Each attempt to definitively determine the ‘original’ status of a religious site risks reopening historical wounds, reigniting dormant communal tensions, and transforming academic or legal inquiries into sources of social conflict. Section 3 of the Act puts a bar on both inter- and intra-religious conversions as it reads, “No person shall convert any place of worship of any religious denomination or any section thereof into a place of worship of a different section of the same religious denomination or of a different religious denomination or any section thereof.”
By creating a judicial mechanism to investigate centuries-old religious site claims, the court has invited the troubles of transforming historical ambiguities into contemporary conflict zones.
The language of the three-page legislation with only seven provisions cannot get any clearer, simpler and more definitive.

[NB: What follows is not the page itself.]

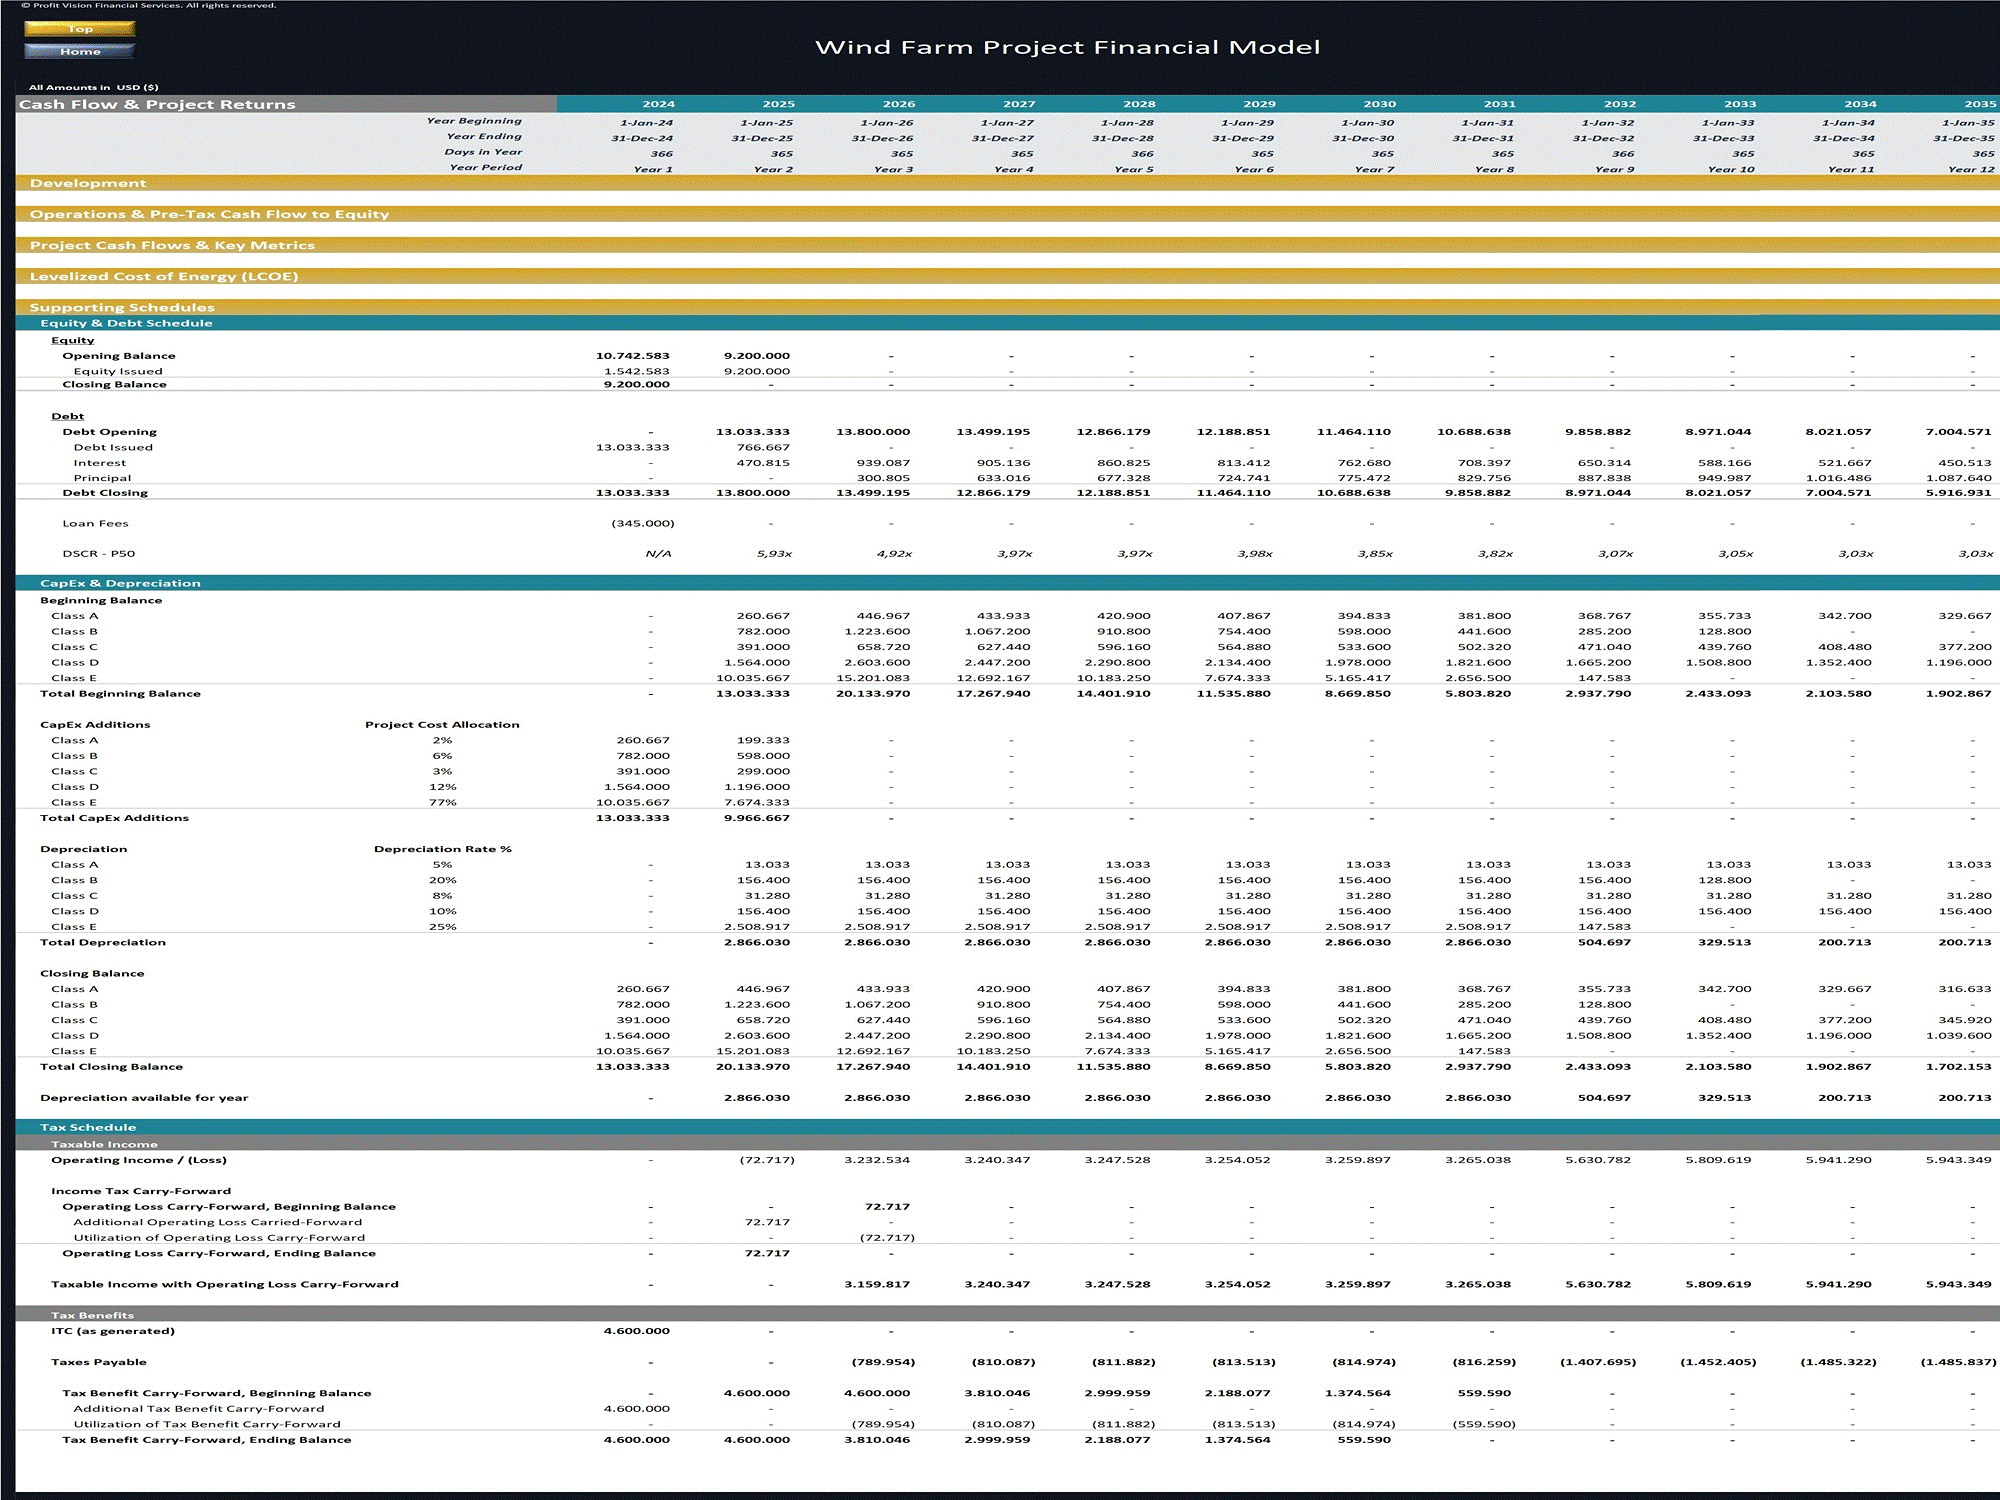 Wind Farm - Project Finance Model (Excel template (XLSX)) Preview Image

The preamble of the Act is as straightforward and unambiguous as a preamble can get, stating, “An Act to prohibit conversion of any place of worship and to provide for the maintenance of the religious character of any place of worship as it existed on the 15th day of August, 1947, and for matters connected therewith or incidental thereto.”
By creating a judicial mechanism to investigate centuries-old religious site claims, the court has invited the troubles of transforming historical ambiguities into contemporary conflict zones.
What appears to be a neutral legal process has in modern-day India turned into a tool for one side with a particular ideology to potentially weaponise historical interpretations, threatening the very secular principles the Constitution seeks to protect.
The Supreme Court must close the Pandora’s Box that it has opened as speedily as the Sambhal court heard the petition and ordered the survey.